Councilmember Dan Strauss proposed an amendment to increase the number of small businesses eligible for grants, which passed 5-4. Councilmembers Tammy Morales, Kshama Sawant, Lisa Herbold, and Gonzalez voted against it. Before, only businesses with 10 or fewer employees were eligible for grants, but Strauss's amendment allows businesses with up to 25 full-time equivalents to be eligible for the grant. The no-voters expressed concerns that this change will widen the pool for these limited grants and may steer them away from businesses owned by people of color.

While it was a historic moment to actually outline a detailed spending plan for a progressive business payroll tax in Seattle (pour one out for the business taxes of Seattle past), council members sounded a sour note, as they didn't seem convinced Durkan would make these bills a reality. "We can't force the executive to spend [these dollars,]" Gonzalez said.

Durkan has made it clear that she does not support a business payroll tax. She has proposed a citywide 1 percent income tax, instead. But that doesn't fix the main issue here—Seattle's ass-backward, upside down tax system.

Under Durkan's hypothetical plan (there is no legislation for her income tax proposal, even though she uses it as her defense against JumpStart Seattle), low-income residents would pay the same percentage on their wages as high-earners. Mosqueda said she's had multiple conversations with Durkan where she has made it "clear that it would be irresponsible to implement a flat income tax without a rebate for our most vulnerable citizens."

Durkan and critics of JumpStart Seattle also claim that the tax should be done at the county or state level. Mosqueda, Morales, and Gonzalez argued that these governmental bodies have already tried to do that. Most recently, the bill Mosqueda modeled JumpStart Seattle after failed last session in Olympia. These politicians who have been in office for 20 years haven't passed this, Morales said, and she has no confidence they'd get it done now.

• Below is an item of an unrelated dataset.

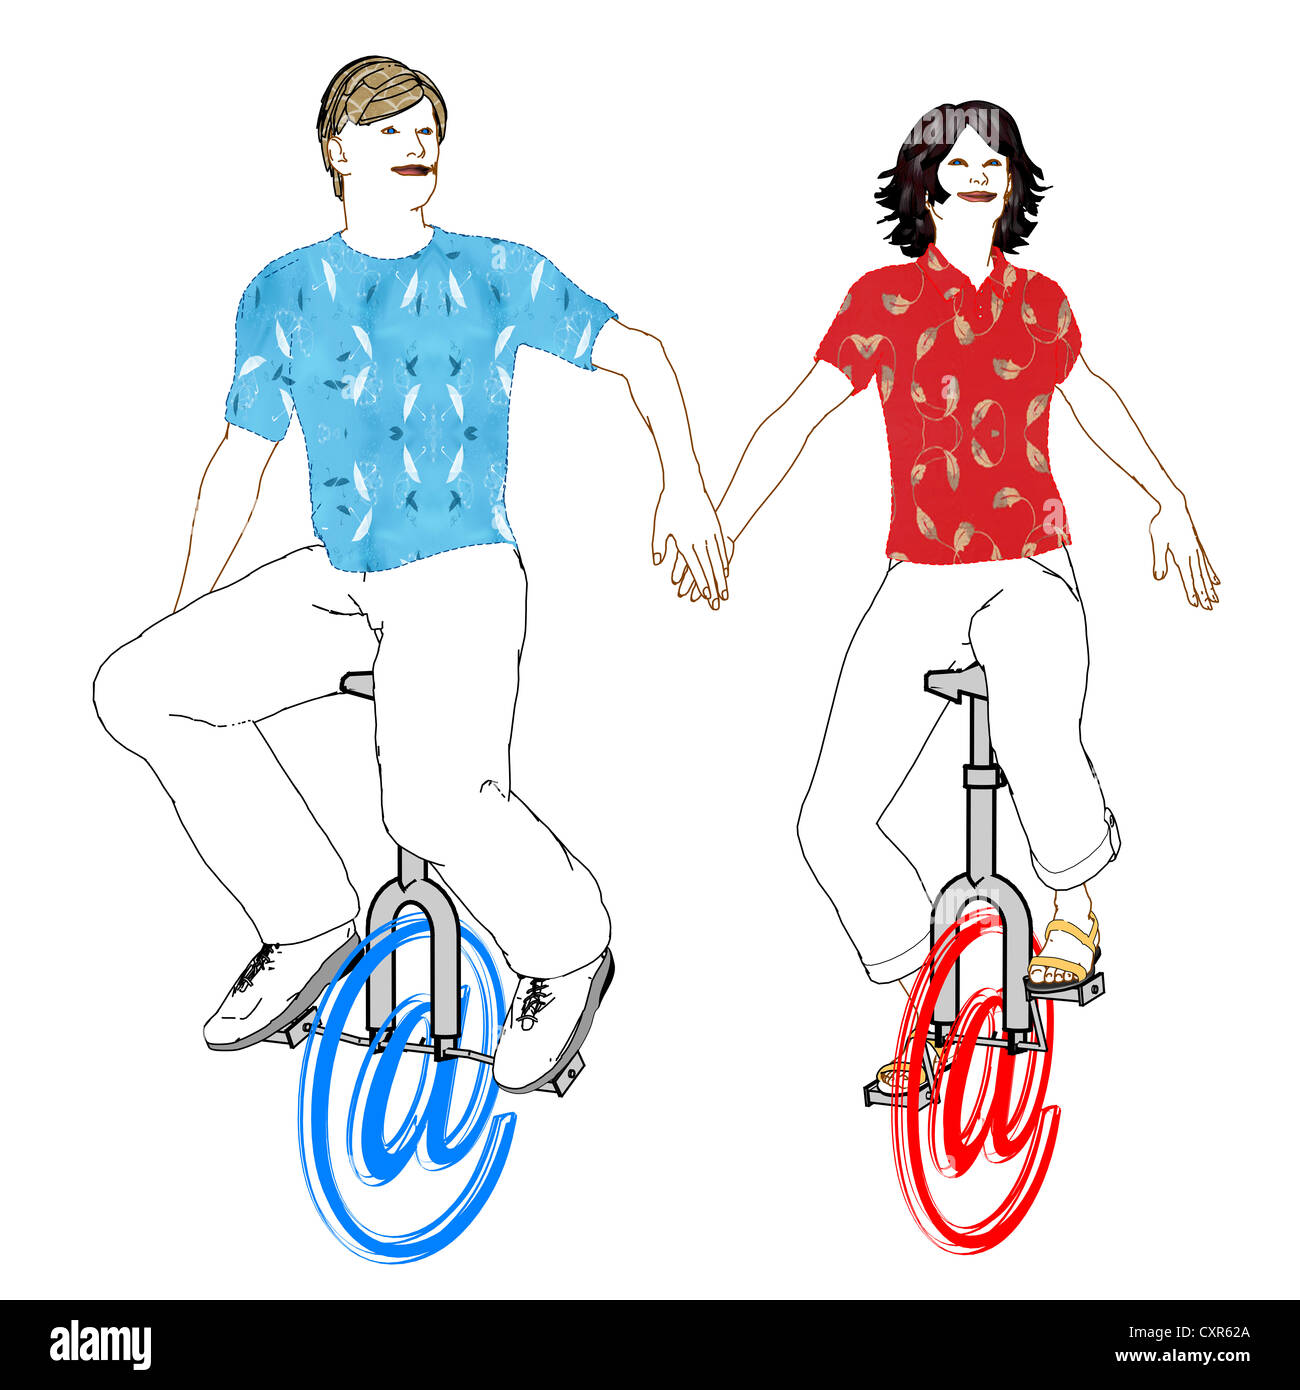 Man and woman riding on unicyles made of 'at' symbols, symbolic image for internet friendship, illustration Stock Photo

Gonzalez said waiting for another legislative entity to swoop in and "rescue us" was "kicking the can down the road." On the council's end, however, there has been "bold action," Gonzalez said. Unfortunately, the fate of that action is now in Durkan's hands.

"The mayor has not committed to getting COVID relief out the door, which is critical," Mosqueda said, "The critical effort for us all is to make sure the mayor allocates these COVID relief dollars as specified in this law, because any delay would mean consequences for the health and recovery of our city that would be dire."

Mosqueda continued: "It would be a dereliction of duties not to get this out. And by definition a dereliction of duties means a shameful failure to not fulfill one's obligation. It is our obligation to provide immediate relief right now. It is our obligation to provide immediate relief right now."

Pinning potential inaction as a "dereliction of duties" is strategic on Mosqueda's part. Durkan is facing a potential recall vote by popular demand that's currently being decided in a King County Superior Court.

Three Democrat legislative districts in the Seattle area have also passed resolutions calling for Durkan to resign. Those resolutions urge the council to step in and impeach Durkan if she doesn't bow out. Considering she brushed the resolutions off as an attack from Sawant (who is a socialist and not involved with these groups), it's not looking likely that she'll bow out on her own. However, if more council members believe her actions are styming progress in the city—or are a dereliction of duties—there could be a path toward impeachment. At least six council members would have to vote for impeachment.